= Nora Boustany =

Lebanese journalist and educator

Nora Naaman Boustany is a Lebanese-American journalist and educator known for her coverage of the Middle East and human rights issues.

Boustany worked for United Press International in Lebanon for two years following her graduate school education. She had trouble getting a job in journalism initially in the 1970s because, as she was told by editors, she didn't have any experience and "they didn’t hire women." She created a role for herself being a local expert, assisting well-known American and British correspondents who were in Beirut on short-term assignments.

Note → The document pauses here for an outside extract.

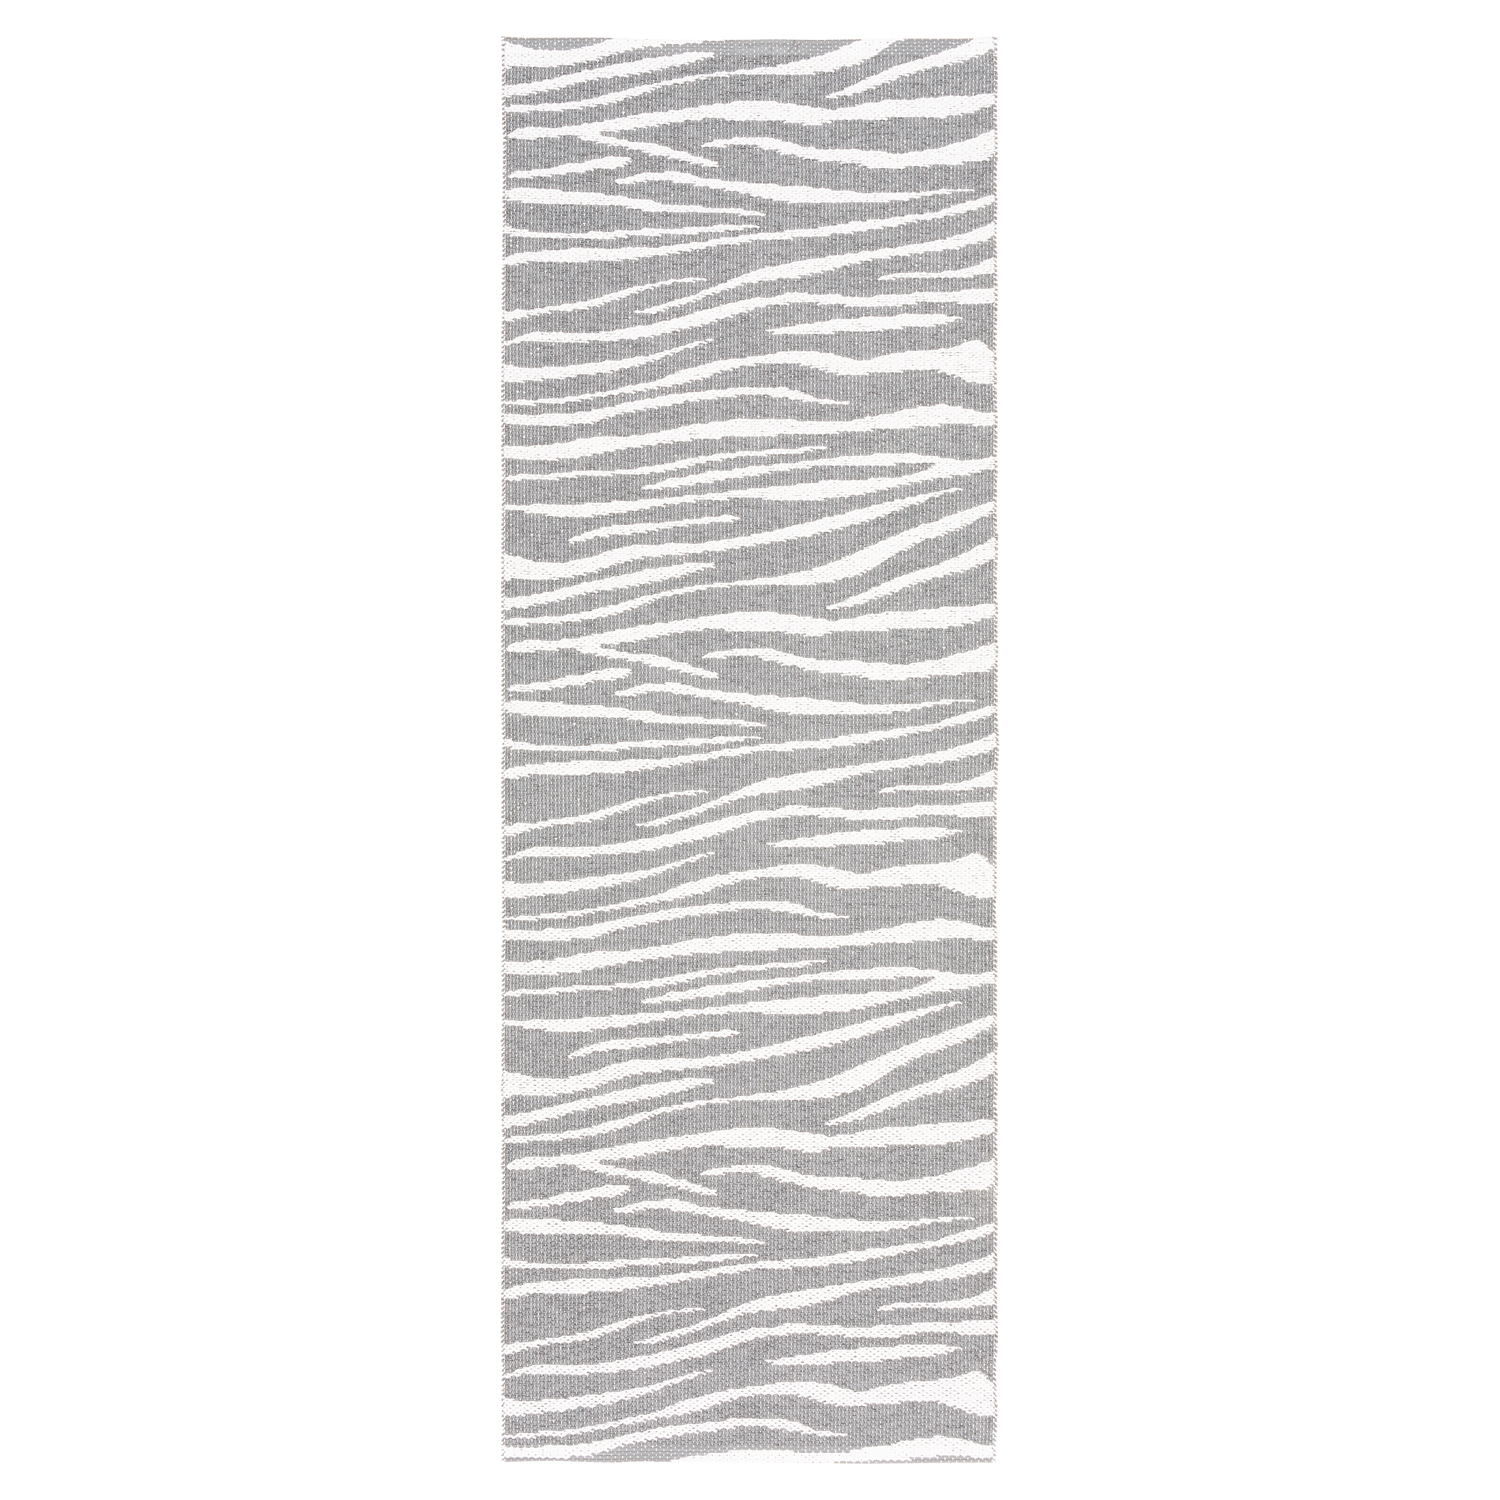 Horredsmattan Teppich Zebra Grey für Innen und Aussen Made in Sweden since 1956 UV-Beständig

Boustany began freelancing for the Washington Post starting in 1979. She was hired on as staff in 1988 at a time when many foreign correspondents had left Beirut for fear of being kidnapped. In this situation, being female helped her, as she explained "It was believed...that it was safer for women because Islamic groups did not want to come in contact with females in a situation of captivity. We had tremendous access." At the Post, she covered Lebanon’s war, Desert Storm, and the upheavals and struggles in Gaza and Algeria from her location in Beirut. She was a correspondent in Algeria, Libya, Saudi Arabia, Yemen, Kuwait, Iraq and Iran, speaking four languages: English; Arabic; French; and German. She wrote a column, Diplomatic Dispatches, about Washington's diplomatic community, that was published twice weekly.

She won the George Polk Award for Foreign Reporting in 1987 for her coverage of the plight of Palestinian refugees in Lebanon. In 1992, she received a Distinguished Service award from the University of Wisconsin at Madison's School of Journalism and Mass Communication. She left the Washington Post in 2008 after a nearly 30-year career, taking an early retirement package when the Post cut its staffing by 10%.

She was a Writer-in-Residence Fellow for the year 2009-2010 at the Issam Fares Institute for Public Policy and International Affairs at the American University of Beirut. She currently teaches journalism at the American University of Beirut. She serves on the board of directors of the Beirut Museum of Art.

==Early life and education==
Boustany grew up in Beirut and has a twin sister and a brother. She graduated from the American University of Beirut in 1975. She earned her M.A. in Journalism from the University of Missouri in 1976. She lives in Beirut.